ENTRIES PROVIDED >>
○ ○ ○ ○ ○ ○ ○

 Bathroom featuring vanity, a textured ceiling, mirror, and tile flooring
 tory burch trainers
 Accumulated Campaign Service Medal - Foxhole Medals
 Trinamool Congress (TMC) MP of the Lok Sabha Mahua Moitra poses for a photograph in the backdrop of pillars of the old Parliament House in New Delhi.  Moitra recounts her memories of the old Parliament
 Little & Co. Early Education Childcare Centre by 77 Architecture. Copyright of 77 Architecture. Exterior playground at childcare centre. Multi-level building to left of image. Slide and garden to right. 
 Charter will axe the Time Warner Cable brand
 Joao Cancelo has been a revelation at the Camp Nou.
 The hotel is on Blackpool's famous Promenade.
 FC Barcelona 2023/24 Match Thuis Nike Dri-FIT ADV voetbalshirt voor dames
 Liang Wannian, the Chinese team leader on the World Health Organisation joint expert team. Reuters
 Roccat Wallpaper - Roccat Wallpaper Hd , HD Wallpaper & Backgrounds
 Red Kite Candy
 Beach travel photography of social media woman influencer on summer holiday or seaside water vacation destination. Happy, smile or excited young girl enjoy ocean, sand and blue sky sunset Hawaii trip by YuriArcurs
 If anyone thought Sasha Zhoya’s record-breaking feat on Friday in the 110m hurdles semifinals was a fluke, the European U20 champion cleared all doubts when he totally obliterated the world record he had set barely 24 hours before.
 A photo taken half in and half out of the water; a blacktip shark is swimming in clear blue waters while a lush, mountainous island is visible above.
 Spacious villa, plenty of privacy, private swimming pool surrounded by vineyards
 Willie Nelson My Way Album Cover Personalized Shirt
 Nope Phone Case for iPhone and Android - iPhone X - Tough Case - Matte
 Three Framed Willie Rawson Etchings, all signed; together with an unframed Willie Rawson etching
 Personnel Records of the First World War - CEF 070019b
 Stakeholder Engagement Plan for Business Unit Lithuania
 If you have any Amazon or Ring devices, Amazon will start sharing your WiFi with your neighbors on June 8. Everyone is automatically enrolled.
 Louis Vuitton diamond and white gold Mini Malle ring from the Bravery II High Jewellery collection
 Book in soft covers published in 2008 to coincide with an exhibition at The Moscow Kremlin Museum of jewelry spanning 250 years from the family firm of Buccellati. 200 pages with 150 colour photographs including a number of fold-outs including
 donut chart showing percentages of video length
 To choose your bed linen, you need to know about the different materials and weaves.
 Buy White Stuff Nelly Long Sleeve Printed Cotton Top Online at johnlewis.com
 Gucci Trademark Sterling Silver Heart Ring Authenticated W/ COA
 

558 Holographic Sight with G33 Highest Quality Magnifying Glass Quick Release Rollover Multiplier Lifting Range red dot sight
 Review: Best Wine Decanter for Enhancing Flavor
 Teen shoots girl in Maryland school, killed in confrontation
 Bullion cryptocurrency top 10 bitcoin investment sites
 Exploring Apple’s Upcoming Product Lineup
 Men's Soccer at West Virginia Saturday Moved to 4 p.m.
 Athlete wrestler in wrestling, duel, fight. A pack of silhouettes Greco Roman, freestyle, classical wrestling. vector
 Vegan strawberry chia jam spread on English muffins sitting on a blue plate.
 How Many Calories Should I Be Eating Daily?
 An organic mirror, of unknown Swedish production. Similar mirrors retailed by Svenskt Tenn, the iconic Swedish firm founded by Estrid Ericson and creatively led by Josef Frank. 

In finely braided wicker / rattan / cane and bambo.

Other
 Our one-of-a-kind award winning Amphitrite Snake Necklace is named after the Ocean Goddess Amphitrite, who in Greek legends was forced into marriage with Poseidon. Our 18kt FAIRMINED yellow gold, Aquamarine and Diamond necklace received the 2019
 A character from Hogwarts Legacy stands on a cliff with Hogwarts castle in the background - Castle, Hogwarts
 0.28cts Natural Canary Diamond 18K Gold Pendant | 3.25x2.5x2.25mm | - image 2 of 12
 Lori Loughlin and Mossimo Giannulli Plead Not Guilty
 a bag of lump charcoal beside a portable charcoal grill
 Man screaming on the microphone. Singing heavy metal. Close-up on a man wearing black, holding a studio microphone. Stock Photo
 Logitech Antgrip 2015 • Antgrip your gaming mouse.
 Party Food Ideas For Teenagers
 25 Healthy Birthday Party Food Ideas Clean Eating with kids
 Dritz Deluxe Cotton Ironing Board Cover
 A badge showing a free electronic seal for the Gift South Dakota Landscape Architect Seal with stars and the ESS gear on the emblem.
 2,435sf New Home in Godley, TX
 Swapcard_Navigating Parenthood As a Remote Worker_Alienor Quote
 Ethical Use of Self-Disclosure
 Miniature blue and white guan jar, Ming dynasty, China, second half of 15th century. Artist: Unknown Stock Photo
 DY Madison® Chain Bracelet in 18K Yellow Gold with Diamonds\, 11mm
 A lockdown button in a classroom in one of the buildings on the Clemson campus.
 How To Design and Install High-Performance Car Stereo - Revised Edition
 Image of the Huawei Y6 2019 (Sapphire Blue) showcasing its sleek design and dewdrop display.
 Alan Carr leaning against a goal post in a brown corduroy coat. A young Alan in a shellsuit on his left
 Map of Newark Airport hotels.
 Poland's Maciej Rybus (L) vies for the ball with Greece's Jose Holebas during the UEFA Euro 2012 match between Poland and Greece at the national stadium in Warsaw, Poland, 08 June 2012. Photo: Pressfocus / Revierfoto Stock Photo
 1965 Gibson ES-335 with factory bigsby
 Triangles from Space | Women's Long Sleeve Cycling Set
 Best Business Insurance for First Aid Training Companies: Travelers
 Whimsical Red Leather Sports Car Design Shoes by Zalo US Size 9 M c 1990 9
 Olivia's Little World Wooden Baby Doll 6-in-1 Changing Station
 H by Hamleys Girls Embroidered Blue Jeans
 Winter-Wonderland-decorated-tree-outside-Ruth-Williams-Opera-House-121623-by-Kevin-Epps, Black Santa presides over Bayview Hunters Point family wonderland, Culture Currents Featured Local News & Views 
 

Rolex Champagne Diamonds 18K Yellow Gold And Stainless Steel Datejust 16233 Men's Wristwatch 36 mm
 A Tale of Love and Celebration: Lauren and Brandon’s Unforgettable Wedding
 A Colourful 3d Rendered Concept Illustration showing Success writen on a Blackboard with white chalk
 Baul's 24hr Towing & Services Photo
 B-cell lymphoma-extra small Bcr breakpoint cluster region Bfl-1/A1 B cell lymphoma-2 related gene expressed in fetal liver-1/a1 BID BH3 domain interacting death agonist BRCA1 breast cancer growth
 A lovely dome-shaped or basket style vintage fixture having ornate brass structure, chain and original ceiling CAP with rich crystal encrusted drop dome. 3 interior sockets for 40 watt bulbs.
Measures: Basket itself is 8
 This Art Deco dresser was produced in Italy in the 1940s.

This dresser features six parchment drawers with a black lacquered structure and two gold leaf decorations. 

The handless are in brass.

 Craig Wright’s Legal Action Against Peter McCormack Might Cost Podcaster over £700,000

○ ○ ○ ○ ○ ○ ○

BRIEF >>
Retype the whole listing above exactly as it appears.

RESPONSE >>
 Bathroom featuring vanity, a textured ceiling, mirror, and tile flooring
 tory burch trainers
 Accumulated Campaign Service Medal - Foxhole Medals
 Trinamool Congress (TMC) MP of the Lok Sabha Mahua Moitra poses for a photograph in the backdrop of pillars of the old Parliament House in New Delhi.  Moitra recounts her memories of the old Parliament
 Little & Co. Early Education Childcare Centre by 77 Architecture. Copyright of 77 Architecture. Exterior playground at childcare centre. Multi-level building to left of image. Slide and garden to right. 
 Charter will axe the Time Warner Cable brand
 Joao Cancelo has been a revelation at the Camp Nou.
 The hotel is on Blackpool's famous Promenade.
 FC Barcelona 2023/24 Match Thuis Nike Dri-FIT ADV voetbalshirt voor dames
 Liang Wannian, the Chinese team leader on the World Health Organisation joint expert team. Reuters
 Roccat Wallpaper - Roccat Wallpaper Hd , HD Wallpaper & Backgrounds
 Red Kite Candy
 Beach travel photography of social media woman influencer on summer holiday or seaside water vacation destination. Happy, smile or excited young girl enjoy ocean, sand and blue sky sunset Hawaii trip by YuriArcurs
 If anyone thought Sasha Zhoya’s record-breaking feat on Friday in the 110m hurdles semifinals was a fluke, the European U20 champion cleared all doubts when he totally obliterated the world record he had set barely 24 hours before.
 A photo taken half in and half out of the water; a blacktip shark is swimming in clear blue waters while a lush, mountainous island is visible above.
 Spacious villa, plenty of privacy, private swimming pool surrounded by vineyards
 Willie Nelson My Way Album Cover Personalized Shirt
 Nope Phone Case for iPhone and Android - iPhone X - Tough Case - Matte
 Three Framed Willie Rawson Etchings, all signed; together with an unframed Willie Rawson etching
 Personnel Records of the First World War - CEF 070019b
 Stakeholder Engagement Plan for Business Unit Lithuania
 If you have any Amazon or Ring devices, Amazon will start sharing your WiFi with your neighbors on June 8. Everyone is automatically enrolled.
 Louis Vuitton diamond and white gold Mini Malle ring from the Bravery II High Jewellery collection
 Book in soft covers published in 2008 to coincide with an exhibition at The Moscow Kremlin Museum of jewelry spanning 250 years from the family firm of Buccellati. 200 pages with 150 colour photographs including a number of fold-outs including
 donut chart showing percentages of video length
 To choose your bed linen, you need to know about the different materials and weaves.
 Buy White Stuff Nelly Long Sleeve Printed Cotton Top Online at johnlewis.com
 Gucci Trademark Sterling Silver Heart Ring Authenticated W/ COA
 

558 Holographic Sight with G33 Highest Quality Magnifying Glass Quick Release Rollover Multiplier Lifting Range red dot sight
 Review: Best Wine Decanter for Enhancing Flavor
 Teen shoots girl in Maryland school, killed in confrontation
 Bullion cryptocurrency top 10 bitcoin investment sites
 Exploring Apple’s Upcoming Product Lineup
 Men's Soccer at West Virginia Saturday Moved to 4 p.m.
 Athlete wrestler in wrestling, duel, fight. A pack of silhouettes Greco Roman, freestyle, classical wrestling. vector
 Vegan strawberry chia jam spread on English muffins sitting on a blue plate.
 How Many Calories Should I Be Eating Daily?
 An organic mirror, of unknown Swedish production. Similar mirrors retailed by Svenskt Tenn, the iconic Swedish firm founded by Estrid Ericson and creatively led by Josef Frank. 

In finely braided wicker / rattan / cane and bambo.

Other
 Our one-of-a-kind award winning Amphitrite Snake Necklace is named after the Ocean Goddess Amphitrite, who in Greek legends was forced into marriage with Poseidon. Our 18kt FAIRMINED yellow gold, Aquamarine and Diamond necklace received the 2019
 A character from Hogwarts Legacy stands on a cliff with Hogwarts castle in the background - Castle, Hogwarts
 0.28cts Natural Canary Diamond 18K Gold Pendant | 3.25x2.5x2.25mm | - image 2 of 12
 Lori Loughlin and Mossimo Giannulli Plead Not Guilty
 a bag of lump charcoal beside a portable charcoal grill
 Man screaming on the microphone. Singing heavy metal. Close-up on a man wearing black, holding a studio microphone. Stock Photo
 Logitech Antgrip 2015 • Antgrip your gaming mouse.
 Party Food Ideas For Teenagers
 25 Healthy Birthday Party Food Ideas Clean Eating with kids
 Dritz Deluxe Cotton Ironing Board Cover
 A badge showing a free electronic seal for the Gift South Dakota Landscape Architect Seal with stars and the ESS gear on the emblem.
 2,435sf New Home in Godley, TX
 Swapcard_Navigating Parenthood As a Remote Worker_Alienor Quote
 Ethical Use of Self-Disclosure
 Miniature blue and white guan jar, Ming dynasty, China, second half of 15th century. Artist: Unknown Stock Photo
 DY Madison® Chain Bracelet in 18K Yellow Gold with Diamonds\, 11mm
 A lockdown button in a classroom in one of the buildings on the Clemson campus.
 How To Design and Install High-Performance Car Stereo - Revised Edition
 Image of the Huawei Y6 2019 (Sapphire Blue) showcasing its sleek design and dewdrop display.
 Alan Carr leaning against a goal post in a brown corduroy coat. A young Alan in a shellsuit on his left
 Map of Newark Airport hotels.
 Poland's Maciej Rybus (L) vies for the ball with Greece's Jose Holebas during the UEFA Euro 2012 match between Poland and Greece at the national stadium in Warsaw, Poland, 08 June 2012. Photo: Pressfocus / Revierfoto Stock Photo
 1965 Gibson ES-335 with factory bigsby
 Triangles from Space | Women's Long Sleeve Cycling Set
 Best Business Insurance for First Aid Training Companies: Travelers
 Whimsical Red Leather Sports Car Design Shoes by Zalo US Size 9 M c 1990 9
 Olivia's Little World Wooden Baby Doll 6-in-1 Changing Station
 H by Hamleys Girls Embroidered Blue Jeans
 Winter-Wonderland-decorated-tree-outside-Ruth-Williams-Opera-House-121623-by-Kevin-Epps, Black Santa presides over Bayview Hunters Point family wonderland, Culture Currents Featured Local News & Views 
 

Rolex Champagne Diamonds 18K Yellow Gold And Stainless Steel Datejust 16233 Men's Wristwatch 36 mm
 A Tale of Love and Celebration: Lauren and Brandon’s Unforgettable Wedding
 A Colourful 3d Rendered Concept Illustration showing Success writen on a Blackboard with white chalk
 Baul's 24hr Towing & Services Photo
 B-cell lymphoma-extra small Bcr breakpoint cluster region Bfl-1/A1 B cell lymphoma-2 related gene expressed in fetal liver-1/a1 BID BH3 domain interacting death agonist BRCA1 breast cancer growth
 A lovely dome-shaped or basket style vintage fixture having ornate brass structure, chain and original ceiling CAP with rich crystal encrusted drop dome. 3 interior sockets for 40 watt bulbs.
Measures: Basket itself is 8
 This Art Deco dresser was produced in Italy in the 1940s.

This dresser features six parchment drawers with a black lacquered structure and two gold leaf decorations. 

The handless are in brass.

 Craig Wright’s Legal Action Against Peter McCormack Might Cost Podcaster over £700,000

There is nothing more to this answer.